The Offspring is an American punk rock band from Garden Grove, California, formed in 1984. Originally formed under the name Manic Subsidal, the group originally included vocalist and guitarist Dexter Holland (real name Bryan Holland), bassist Greg K. (real name Greg Kriesel) and drummer James Lilja. The band's current line-up includes Holland, alongside lead guitarist Noodles (real name Kevin Wasserman; since 1985), bassist Todd Morse (since 2019, and touring rhythm guitars from 2009 to 2019), multi-instrumentalist Jonah Nimoy (since 2023, as touring musician from 2019 to 2023) and drummer Brandon Pertzborn (since 2023).

== History ==
The band changed its name to "the Offspring" in 1986. Lilja left the Offspring in 1987 to pursue a medical career in oncology and was replaced by Ron Welty, who was 16 years old at the time. The band's first touring member was Chris "X-13" Higgins, who at first provided backing vocals and later played percussion and rhythm guitar.

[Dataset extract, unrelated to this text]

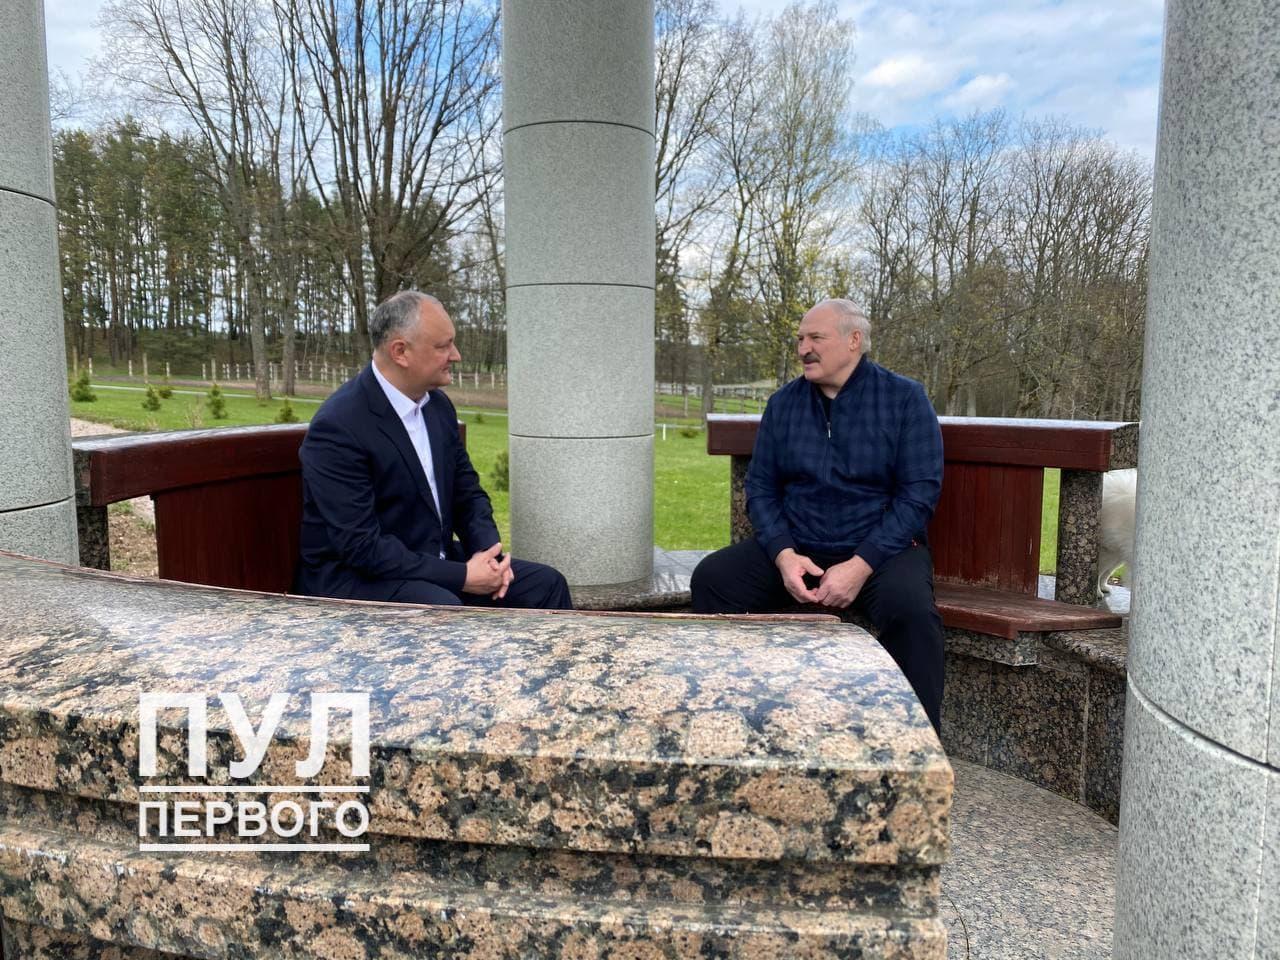 Игорь Додон проводит неформальную встречу с Александром Лукашенко (ФОТО)

Welty was fired from the group in 2003, a few days before the recording sessions of Splinter started. Josh Freese recorded drums on the album while Atom Willard (real name Adam Willard) joined as Welty's official replacement. The tour to promote Splinter featured Ronnie King on keyboards, after King left Higgins also started playing keyboards.

After a world tour in 2005, the band took a break. During the hiatus, touring member Higgins left, while Willard was recruited by Tom DeLonge for his band, Angels & Airwaves. It was announced on July 27, 2007, that former Saves the Day drummer Pete Parada had been chosen to be the Offspring's new drummer. band's first shows with Parada were at the Summer Sonic festival in Japan in August 2007.

Warren Fitzgerald was hired as the band’s new touring guitarist in 2008 for the European Tour and was replaced in late 2008 by Andrew Freeman. Freeman was replaced by Todd Morse in 2009. Greg K. was fired from the Offspring in 2018 and was initially replaced on tour by No Doubt bassist Tony Kanal before Morse switched to bass and became an official member. Because of Kriesel's departure Dexter Holland remained as the only original member. The touring guitarist spot was taken by Jonah Nimoy, who also later played keyboards and percussion.

Shortly after releasing its tenth studio album Let the Bad Times Roll (2021), drummer Pete Parada revealed on August 2, 2021, on Twitter that he was fired from the Offspring after electing not to receive the COVID-19 vaccine due to possible complications with his previously diagnosed Guillain–Barré syndrome. Parada got replaced on tour by Josh Freese. On May 12, 2023, former Suicidal Tendencies and Marilyn Manson drummer Brandon Pertzborn joined the Offspring as Parada's official replacement, as Freese was unable to perform with the band because of commitments with the Foo Fighters. After Pertzborn's arrival, touring member Jonah Nimoy also became an official member.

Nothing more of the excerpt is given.